I've gone inside and checked it out and I figured the problem, it's the ribbon between the screen and the motherboard, there's a fault within the wire that somewhat comes from out of nowhere, it's extremely odd how the screen 'fuzzes' this way, "Lines of White" I'd like to formally and officially address this as from now on. 


Odd findings:

The problem seems to be so delicate, the way it happens to "fix itself" after 5-30 minutes (varying on the heat generation of the laptop), was because the heat generating within the screen that's affecting the cables slightly softens them and they self bend into proper position. Lol couldn't ever imagine thanking my laptop for getting hot..


The fix..? 

Simple, yet.. very disappointingly annoying to do, send it in for a new ribbon cable (The cable connecting your screen to your motherboard) and have it replaced.

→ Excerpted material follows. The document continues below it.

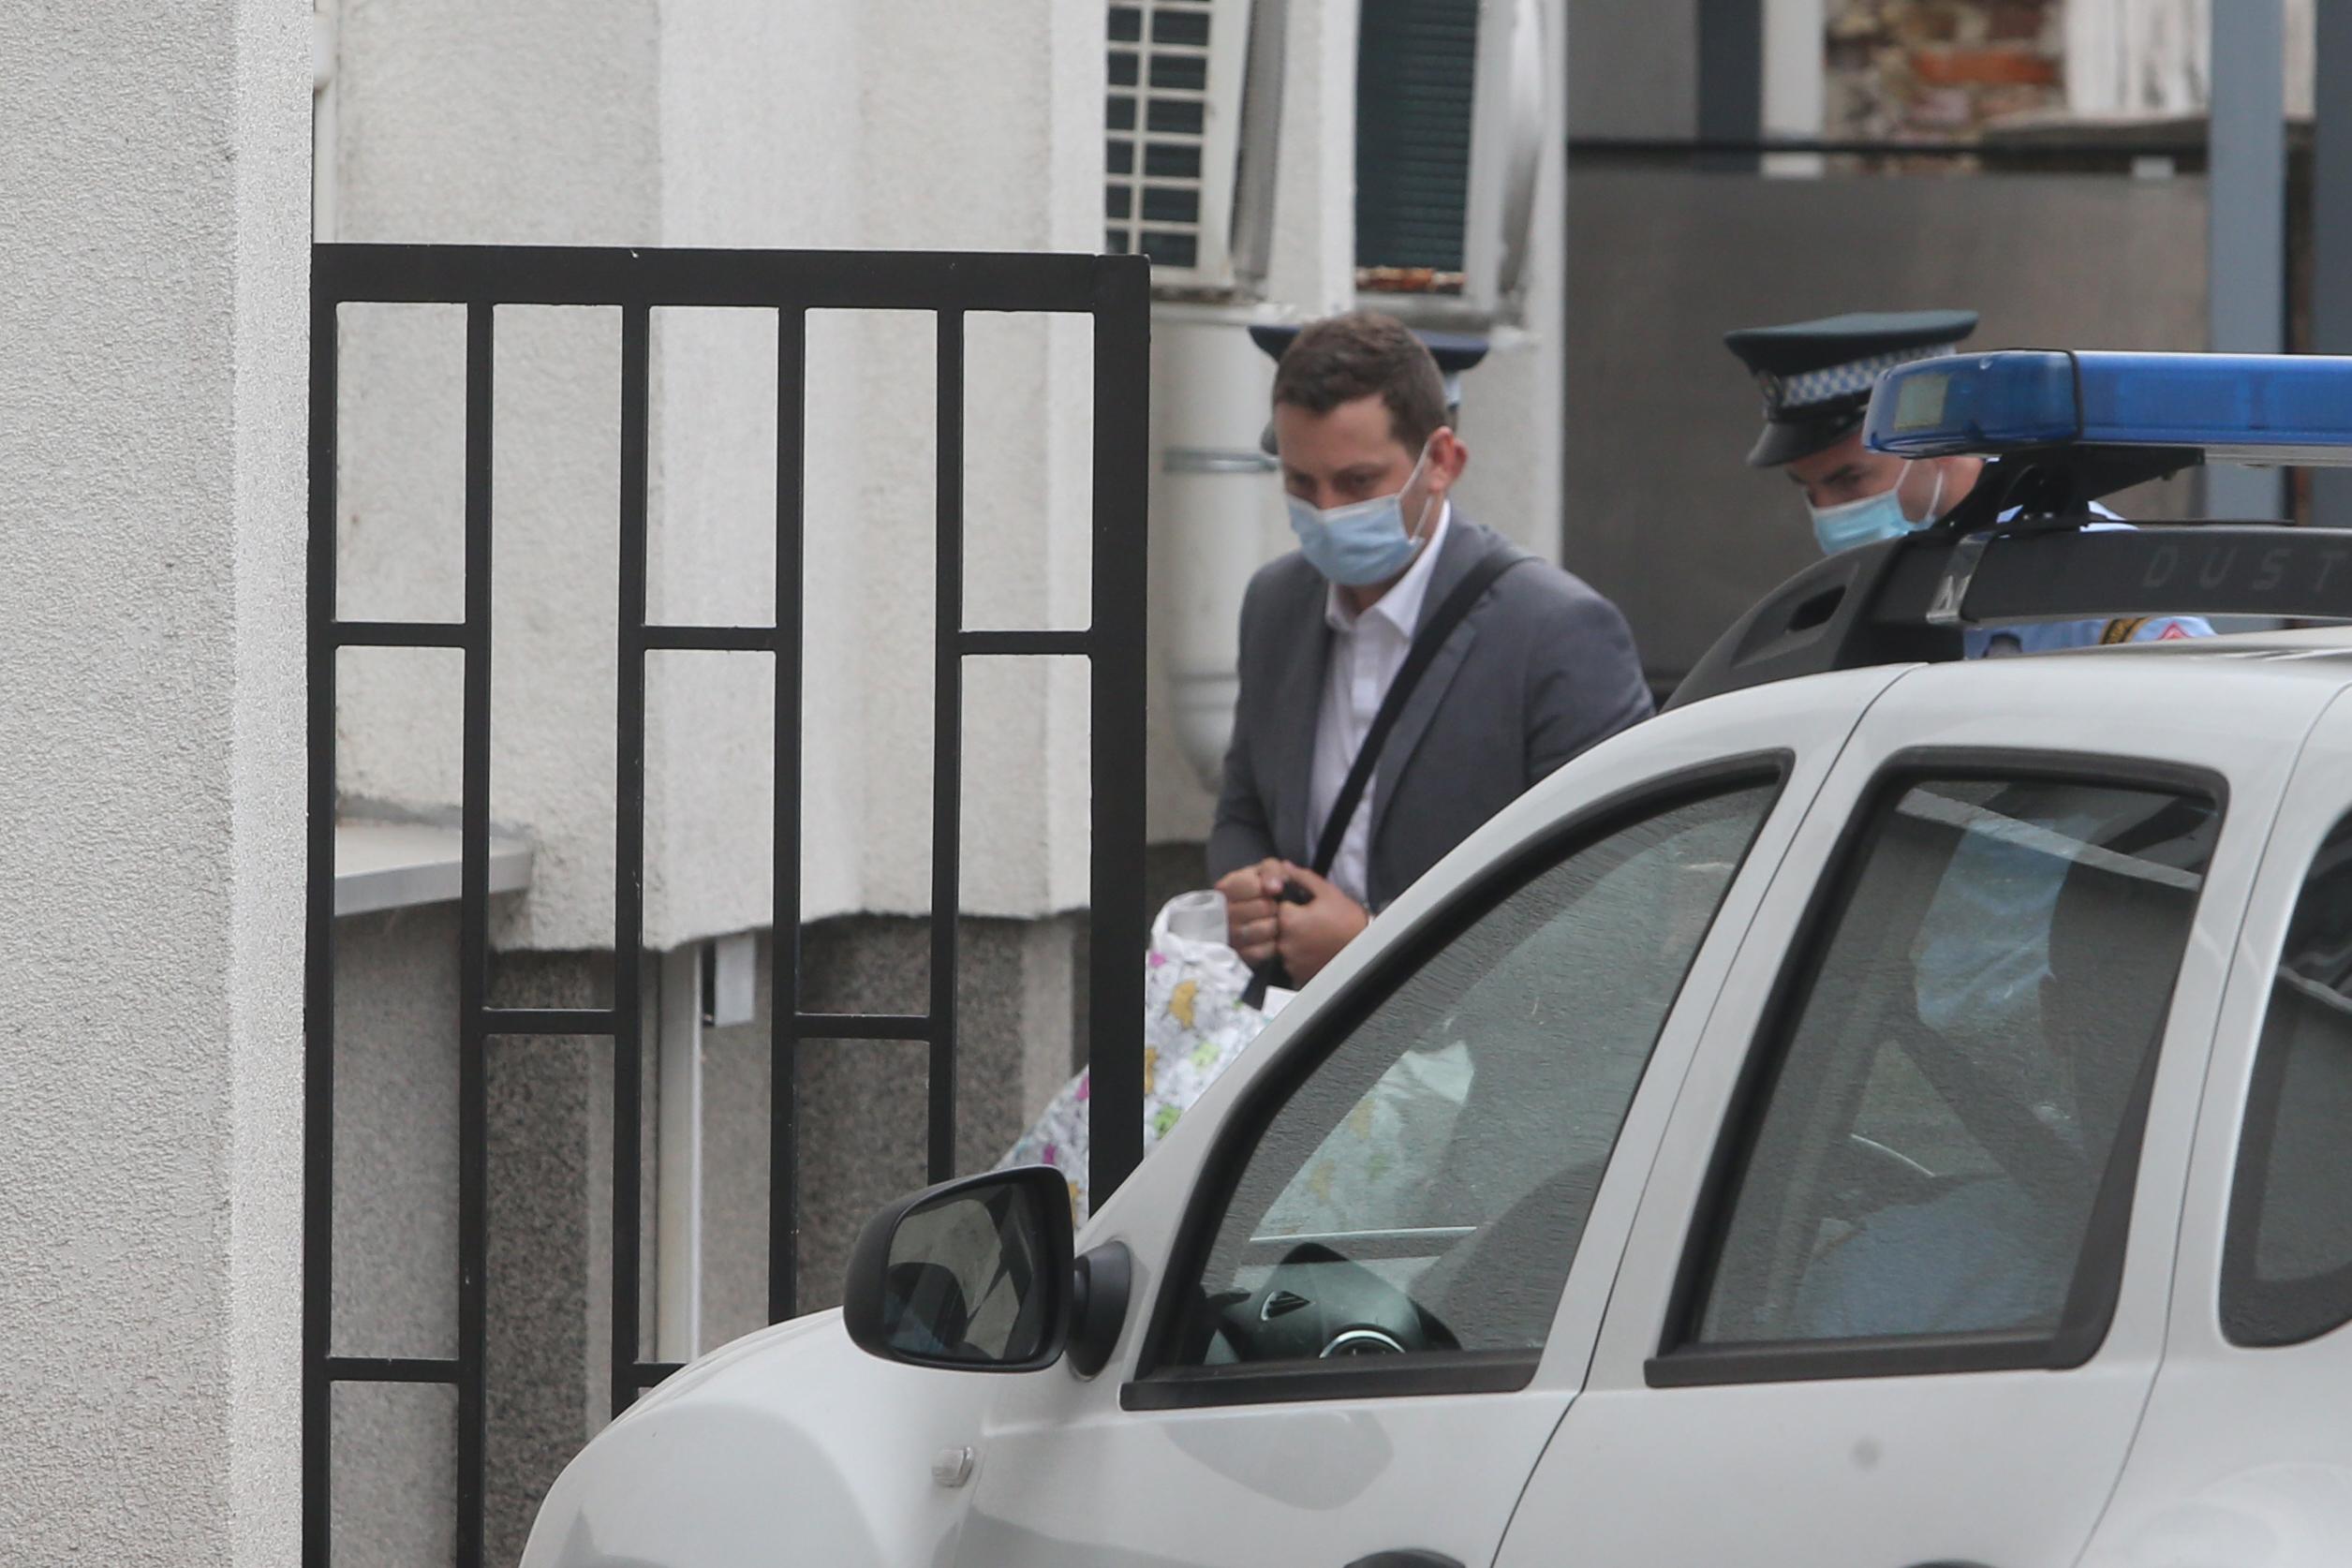 PREGLED TRAJAO 10 MINUTA Otkrivamo gdje se Zeljković liječio dok ga je policija tražila zbog malverzacija

Note: You can NOT fix this yourself without the new cable, you'd rather poke it a little until the screen is fully functional again for the session you're having with it and do a complete external backup before sending it in, although, if you are a computer veteran, then dare to try it yourself, but make sure you use a NEW cable.


Close:

But yes, currently as I'm writing this I'm sitting on my bed crying, eating ice-cream as I backup my HDD to my XHDD, ready to say byebye to my wonderful lappy for a week.. (nah lul jk xD)


----------